Макс на секунду замер.
— Ну и как?
— Что — как?
— Как впечатление от увиденного?
— Потрясающее! Женщина-мечта! Хотя тебя, очевидно, кроме куска хлеба, ничего на свете не интересует. А она, между прочим, о тебе вспоминала. Причем, с глубоким вздохом. А когда я, по твоей просьбе, сказал, что, насколько мне известно, ты погиб в лагере, у Луизы выступили на глазах настоящие слезы. Наверно, она и правда тебя любила, кроме шуток.
— Это уже неважно. Главное, как она к тебе?
— Положительно. Ей, конечно, не нравится моя форма, хотя напрямую она об этом не говорит.
— Почему — конечно?
— Потому что во фройлен фон Ратнер течет и польская кровь. Но мы обязательно сделаем переливание. — улыбнулся Тюфяк. — А пока я сказал ей, что хожу в форме потому, что работаю бухгалтером на военном заводе. То есть, я ее почти не обманул.
— Вы уже все решили?
— Представь себе, да! Ее вчерашнее состояние помешало нашей близости, но мы обязательно соединим наши судьбы. Я сказал красотке Лу, что брошу ради нее жену, и она попросила меня воздержаться от контактов с ней. Придется постараться, хотя это будет совсем не так просто. Вообще, я не буду долго собираться и уйду к Луизе в самое ближайшее время.
— То есть сегодня?
— Ну, нет, Крысенок, все-таки не так быстро. Я ведь тоже не лишен сентиментальности. Мне нужно время, чтобы настроиться. А ты как считаешь, уходить мне от Герты или еще подождать?
— Подождать чего?
— Да в том-то и дело: ждать вроде бы нечего. Другой она не станет, это ясно. А родное гнездышко бросать все-таки жалко. Опять же, дети … Кроме шуток, боюсь, что буду чувствовать себя свиньей. Ну, что скажешь, Крысенок? Только забудь на минуту, что ты в концлагере, а моя жена — наци. И постарайся не думать о том, что красотка Луиза фон Ратнер — твоя первая любовь. Реши этот вопрос отвлеченно, то есть реши его для меня. Понимаешь?

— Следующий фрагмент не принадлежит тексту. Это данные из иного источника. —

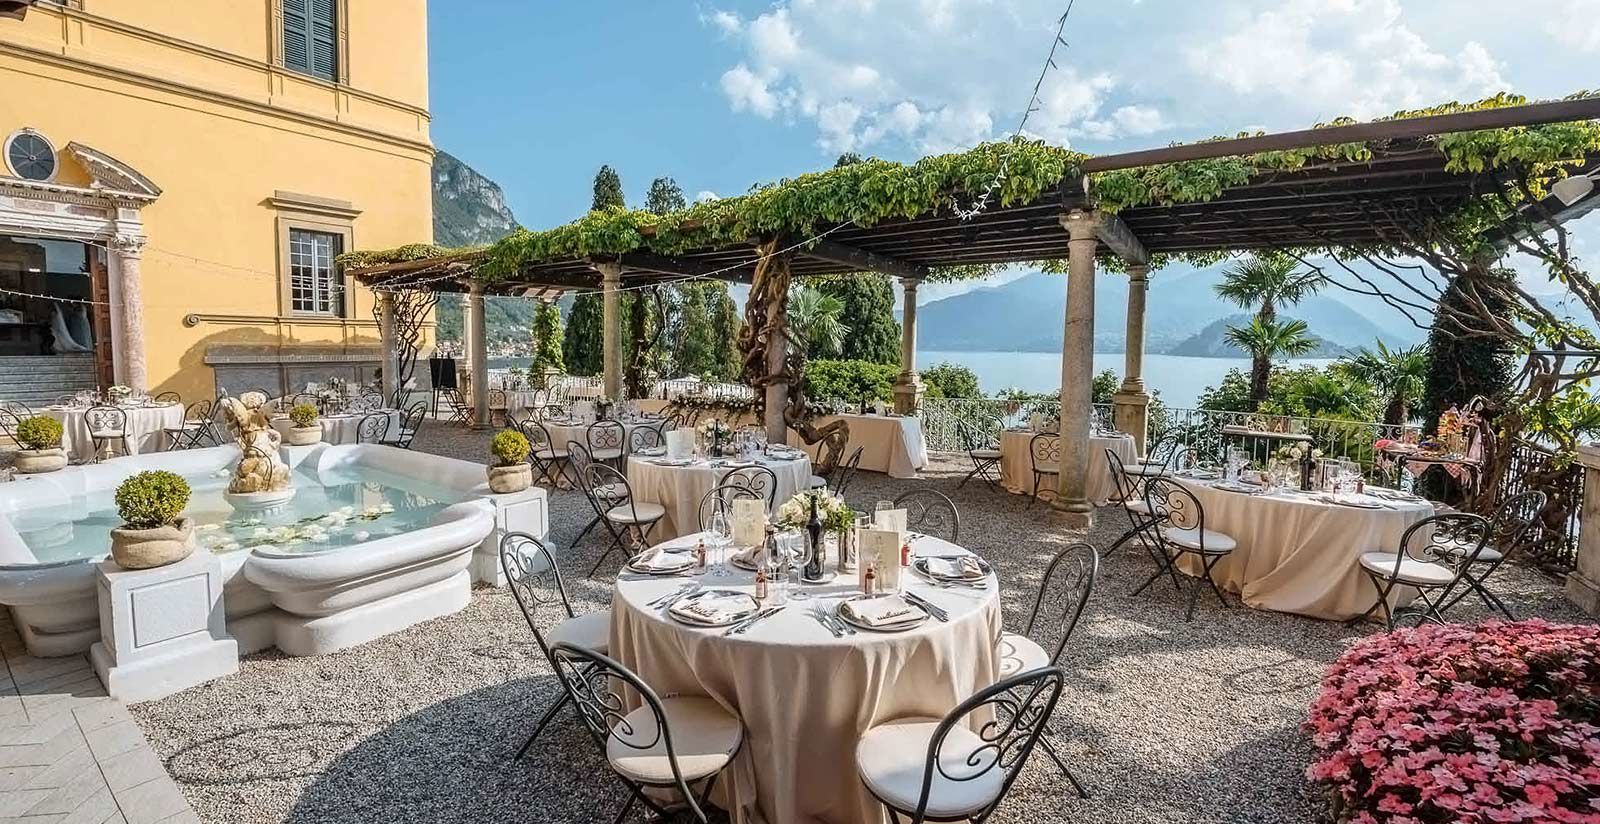 Hotel Villa Cipressi - Hotel 4 stelle per vacanza relax Varenna 4

— Подними голову … Ты, Тюфяк, как истинный ариец, должен помнить, что живешь прежде всего для себя. Если жена будет постоянно портить тебе жизнь, никому от этого лучше не станет. Это и на детях отразится.
— Точно.
— И, по-моему, тебе просто не хватает решительности. Значит, настройся на то, что даешь своей жене последний шанс. И будь готов, при первом же ее выпаде против тебя, спокойно повернуться и уверенно уйти к Луизе, не чувствуя себя свиньей. Ну, и надо будет помогать ей деньгами, пока дети не вырастут.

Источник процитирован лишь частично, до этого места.